Ciara Mageean in action during   the 1500m heats at  the World Athletics Championships in London. Photograph: Morgan Treacy/Inpho
Ciara Mageean in action during the 1500m heats at the World Athletics Championships in London. Photograph: Morgan Treacy/Inpho

There have been so many great races this week, in part because of their unpredictability. Every evening we’re seeing what a great sport athletics can be when all the best athletes are competing together and not watered down as we so often see throughout the year.

Both the women’s 1,500m and the men’s 800m provided everything that we crave in athletics: pure racing, uncertainty and a sense that if you make the commitment and persist eventually opportunities will arise.

It was also hard not to look at these races and wonder what might have been for the Irish athletes. There was a time when Mark English was mentioned in the same sentence as 800m winner Pierre Ambroise Bosse from France, and Poland’s silver medallist Adam Kszczot.

Even more recently Ciara Mageean stood on the podium at last year’s European Championships in Amsterdam alongside Sifan Hassan of the Netherlands and Angelika Cichocka from Poland, who finished fifth and seventh in one of the greatest ever women’s 1,500m races ever on Monday night.

It also got me thinking back a little to the 1993 World Championship 1500m, in Stuttgart, wondering how things have changed. Are these women running faster, is it more competitive?

It’s definitely more competitive in the sense that more of them believe that they can medal, but even with the ominous presence of the Chinese athletes 23 years ago, split times were similar throughout both races.

This also brings me back to the decisiveness an athlete needs to have in their race, the belief and the ability to deliver what you believe you are capable of.

There was a lot expectation put on Mageean coming to London, even though at senior level she hasn’t yet earned the right to it, hasn’t yet delivered on the world stage.

Support people

I always feel uncomfortable when Ciara is unable to answer questions after her races, instead offloading the decision-making to her coach Jerry Kiernan.

There comes a time when an athlete has to take ownership of their decision -making and go out on a limb. You don’t have to announce these decisions, but it’s simply just making your mind up what you can realistically achieve and following through.

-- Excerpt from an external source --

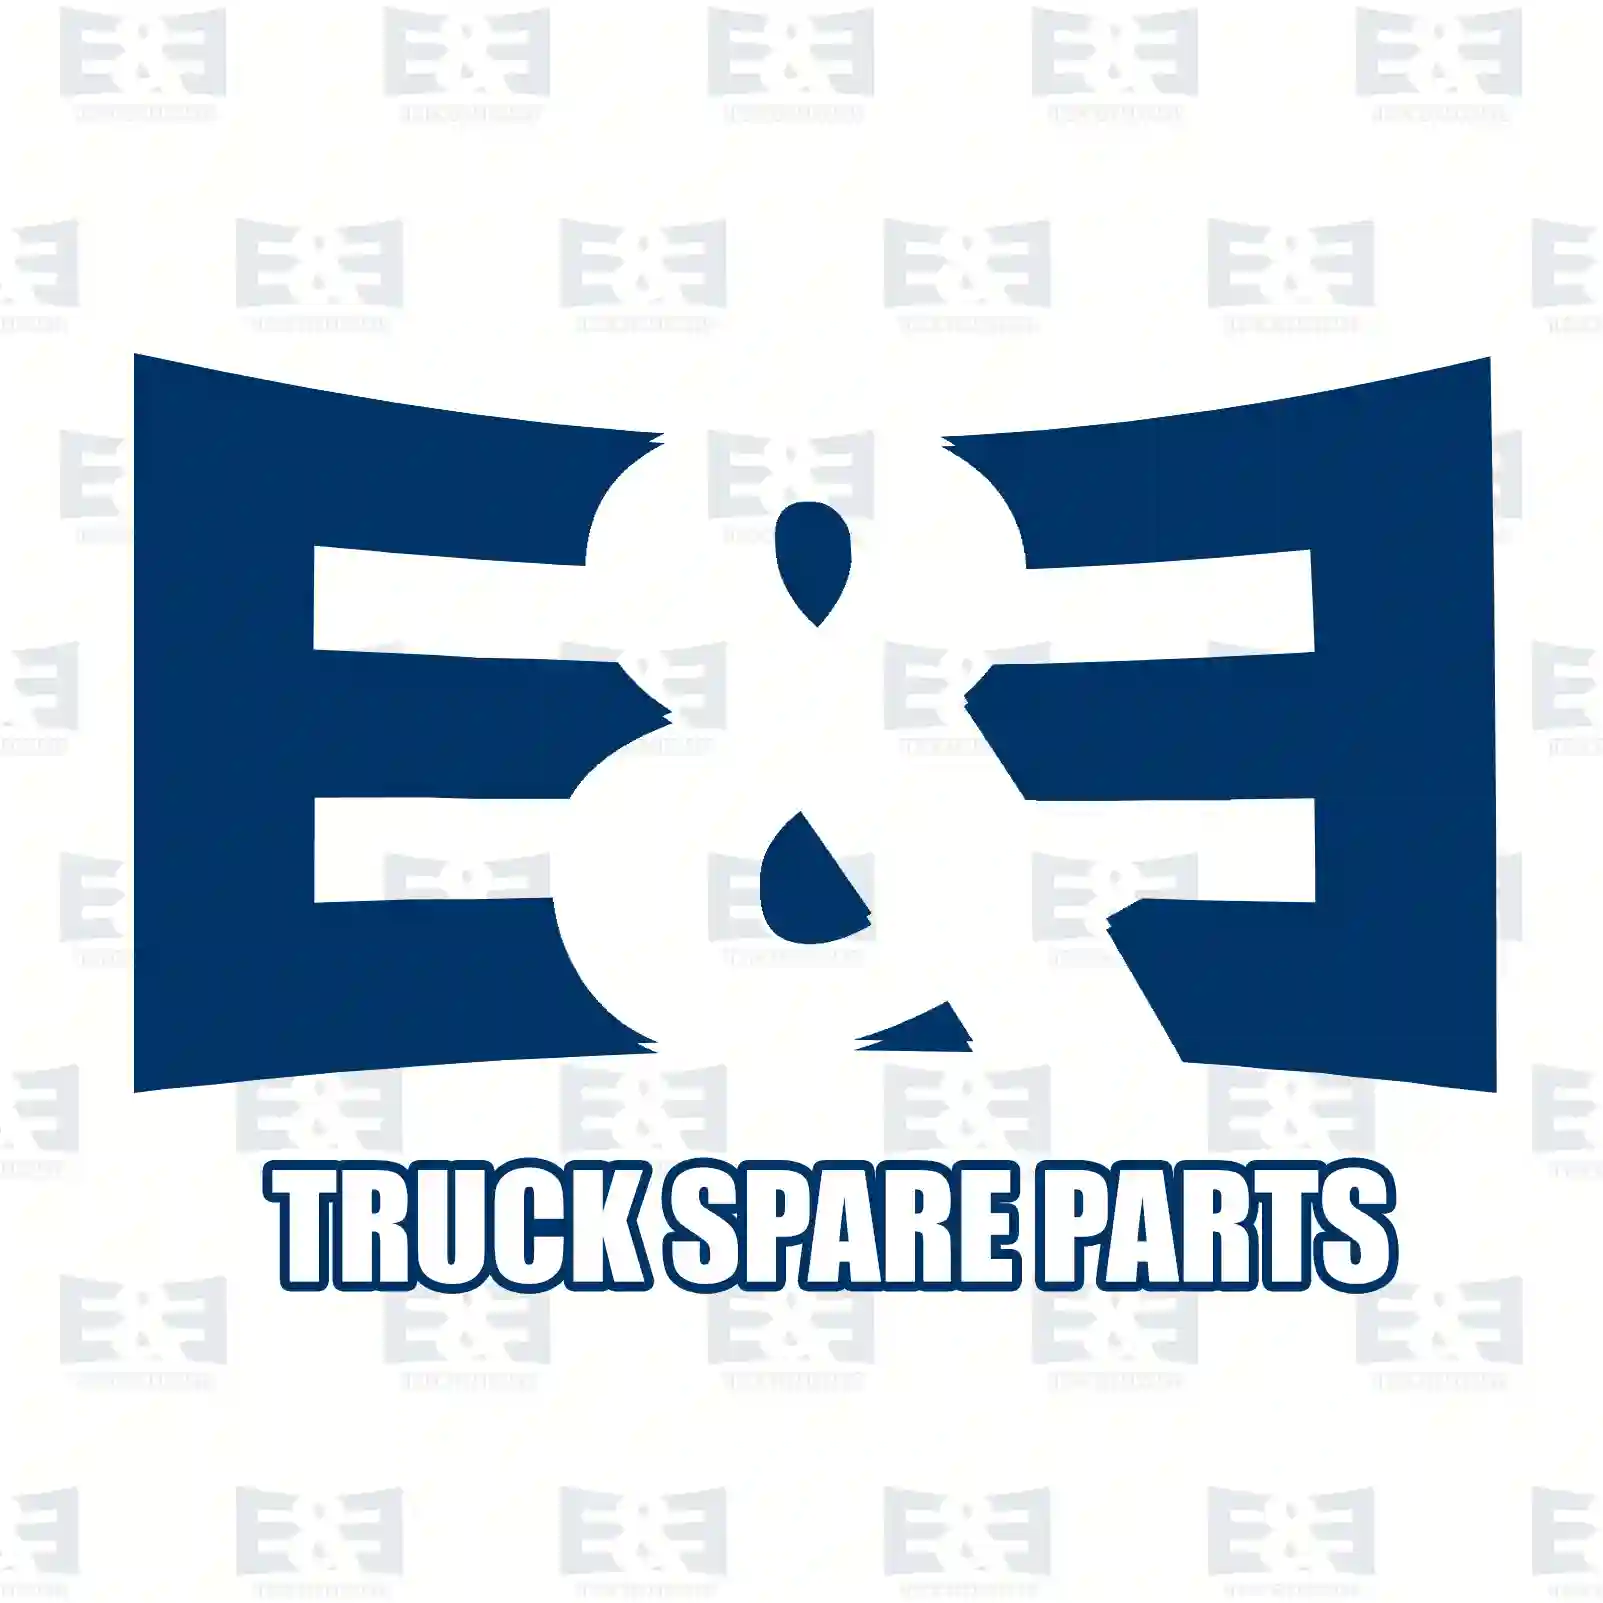 Nozzle holder, 2E2286658, 51101007430, 51101007453, 51101009453 ||  2E2286658 E&E Truck Spare Parts | Truck Spare Parts, Auotomotive Spare Parts Nozzle holder, 2E2286658, 51101007430, 51101007453, 51101009453 ||  2E2286658 E&E Truck Spare Parts | Truck Spare Parts, Auotomotive Spare Parts

We all need coaches for guidance and setting out the training plan, but ultimately the individual athlete must know what they want to do and take the decision in their own hands.

There is sometimes too much dependence on the support people around an athlete who can walk you all the way to the final call-up room but once you step on the track there is only one person that can answer the questions.

And if you can’t find an answer instinctively and without hesitation you will be left wanting and wondering and unable to find the answers.

We all enjoy the comfort zone of an environment that we know and are comfortable with but there is no greater challenge than change in an athlete’s career.

As Caster Semenya said this week, about questions of her own racing situation, the same song played over and over again gets boring after a while. And sometimes there is no greater challenge than change in an athlete’s career.

But there comes a time when you have to throw out the old hymn sheets, because if you keep doing the same preparation over and over again you can’t possibly expect different results.